In particular, the NAIC argues against establishing capital standards that reflect financial condition at the holding company level. In addition, the NAIC opposes the use of Generally Accepted Accounting Principles (GAAP) rather than Statutory Accounting Principles (SAP) to govern insurers' bookkeeping and financial reporting. Furthermore, the NAIC gently argues that the banking officials do not have a clue as to how Risk Based Capital (RBC) standards work even as they consider applying RBC requirements to various financial institutions.

The NAIC filed a comment letter with the FRB, OCC and FDIC on October 22, 2012, providing an informative overview of aspects of insurance regulation that the banking agencies may not completely understand. That said, the NAIC letter overstates state insurance regulation's response to these aspects.

A lesson from whales

The Basel Committee's desire to increase reserves was not born of a bad drug trip or LSD flashback. Certainly it would have been easier for the central bankers on the committee to assume their usual submissive position before the financiers, rather than tell the financial sector what it does not want to hear.

Financial institutions are loath to hold financial reserves. Their management sees assets kept in cash or highly liquid assets as a loss of investment gain.

Think of the scene in the movie "Casino," where the character K.K. Ichikawa, a high-stakes gambler or "whale," was tricked into returning to the fictional Tangiers Hotel and Casino, where he had just won a large amount of money.

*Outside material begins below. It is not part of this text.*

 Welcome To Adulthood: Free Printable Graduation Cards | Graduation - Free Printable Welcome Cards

Although Ichikawa was not required to put his stake at risk and was advised not to—he went back to the tables.

Once back at the hotel casino, Ichikawa tried to play a reasonable game, "He bet one thousand a hand instead of his usual thirty thousand a hand." As he wins a few hands, the casino manager, "Ace" Rothstein, knew the trick with whales like Ichikawa was that they can't bet small for long. He didn't think of it as winning ten thousand, he thought of it as losing ninety thousand.

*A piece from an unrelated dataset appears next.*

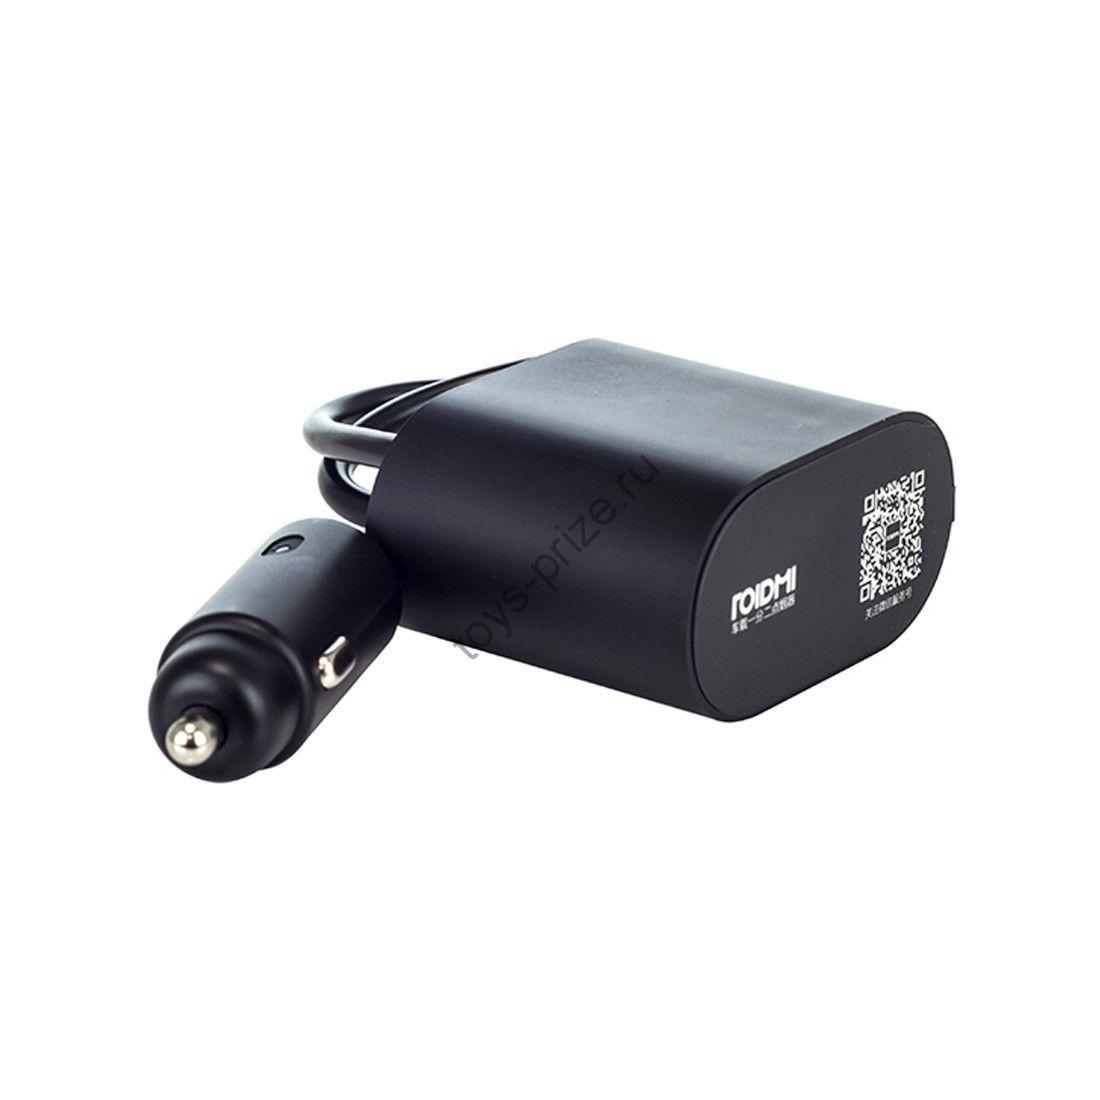 Автомобильный разветвитель Roidmi Dual Port Converter

Investment officers for financial institutions tend to hold what can be called "The Ichikawa Mindset." Rather than take comfort in the safety and soundness offered by the statutory reserve and its modest investment returns, investment officers cringe at how much gain they most certainly would have garnered from aggressive investment of the same funds. The thought of how much they might lose never enters their minds.

In the movie, K.K. Ichikawa was not constrained by a statutory reserve requirement, "so he upped his bets . . . until he dropped his winnings back and gave up a million of his own cash."

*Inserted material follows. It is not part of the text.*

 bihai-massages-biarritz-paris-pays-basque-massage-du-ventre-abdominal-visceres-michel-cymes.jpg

Of course, that kind of thing happens only in the movies and never in a "rational market." However, as explained in Professor David Nasaw's new biography of Joseph P. Kennedy, The Patriarch, those who understand that markets are not rational can do quite well for themselves.

The author

Kevin P. Hennosy is an insurance writer who specializes in the history and politics of insurance regulation. He began his insurance career in the regulatory compliance office of Nationwide Insurance Cos. and then served as public affairs manager for the National Association of Insurance Commissioners (NAIC). Since leaving the NAIC staff, he has written extensively on insurance regulation and testified before the NAIC as a consumer advocate.